This weeks featured Aesop's Fables
Jupiter and the Monkey
JUPITER ISSUED a proclamation
to all the beasts of the forest and
promised a royal reward to the one whose offspring should be
deemed the handsomest. The Monkey came with the rest and
presented, with all a mother's tenderness, a flat-nosed,
hairless, ill-featured young Monkey as a candidate for the
promised reward. A general laugh saluted her on the presentation
of her son. She resolutely said, ""I know not whether Jupiter
will allot the prize to my son, but this I do know, that he is at
least in the eyes of me his mother, the dearest, handsomest, and
most beautiful of all.
The Ass and the Grasshopper
AN ASS having heard some
Grasshoppers chirping, was highly
enchanted; and, desiring to possess the same charms of melody,
demanded what sort of food they lived on to give them such
beautiful voices. They replied, "The dew." The Ass resolved that
he would live only upon dew, and in a short time died of hunger.

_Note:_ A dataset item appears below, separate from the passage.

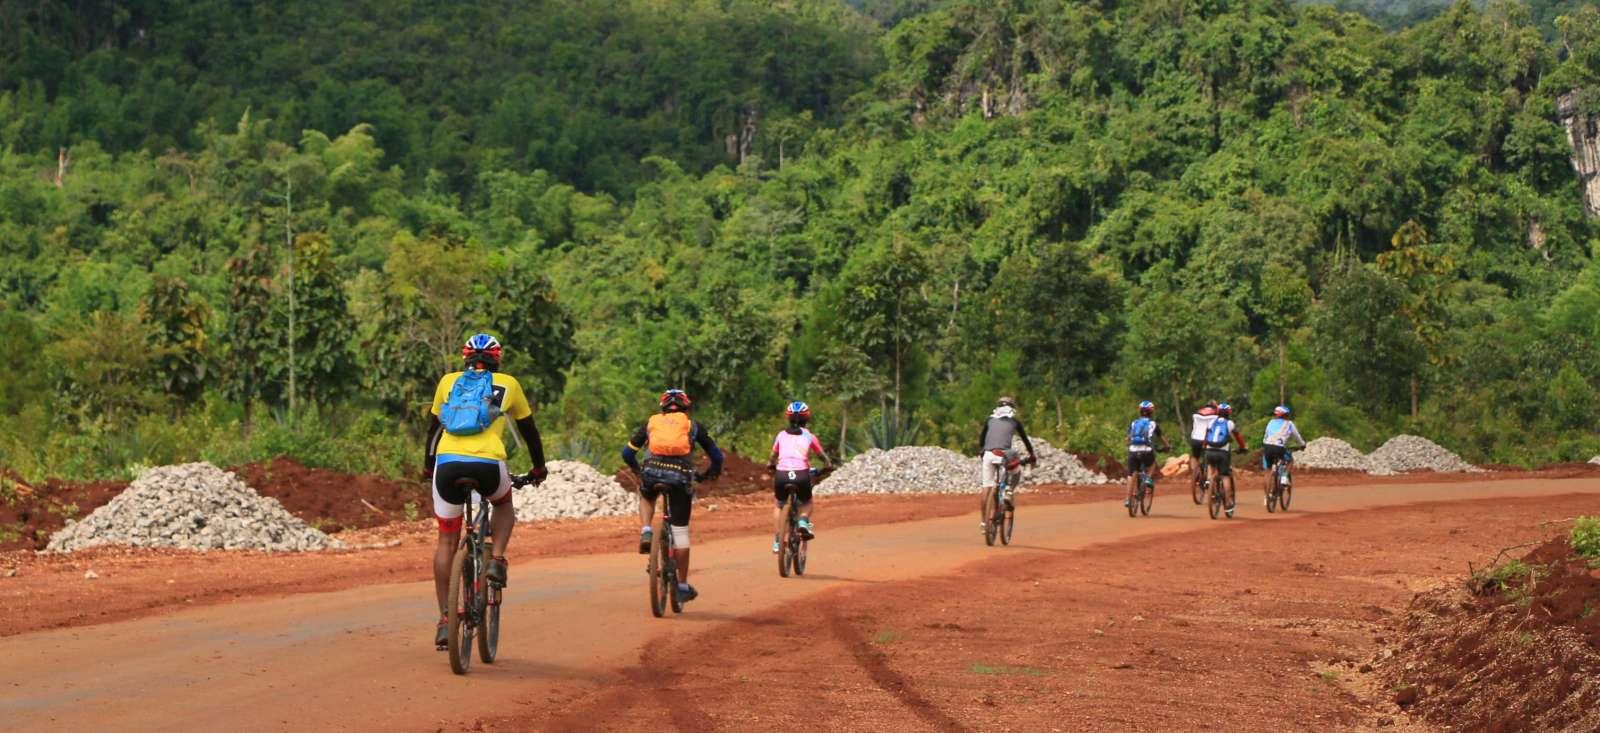 Voyage en véhicule Birmanie : A VTT sur les sentiers birmans !

Even a fool is wise-when it is too late!"
The Fox and the Crow
A CROW having stolen a bit
of meat, perched in a tree and held it
in her beak. A Fox, seeing this, longed to possess the meat
himself, and by a wily stratagem succeeded. "How handsome is the
Crow," he exclaimed, in the beauty of her shape and in the
fairness of her complexion! Oh, if her voice were only equal to
her beauty, she would deservedly be considered the Queen of
Birds!" This he said deceitfully; but the Crow, anxious to refute
the reflection cast upon her voice, set up a loud caw and dropped
the flesh. The Fox quickly picked it up, and thus addressed the
Crow: "My good Crow, your voice is right enough, but your wit is
wanting."
The Old Lion
A LION, worn out with years
and powerless from disease, lay on
the ground at the point of death. A Boar rushed upon him, and
avenged with a stroke of his tusks a long-remembered injury.
Shortly afterwards the Bull with his horns gored him as if he
were an enemy. When the Ass saw that the huge beast could be
assailed with impunity, he let drive at his forehead with his
heels. The expiring Lion said, "I have reluctantly brooked the
insults of the brave, but to be compelled to endure such
treatment from thee, a disgrace to Nature, is indeed to die a
double death."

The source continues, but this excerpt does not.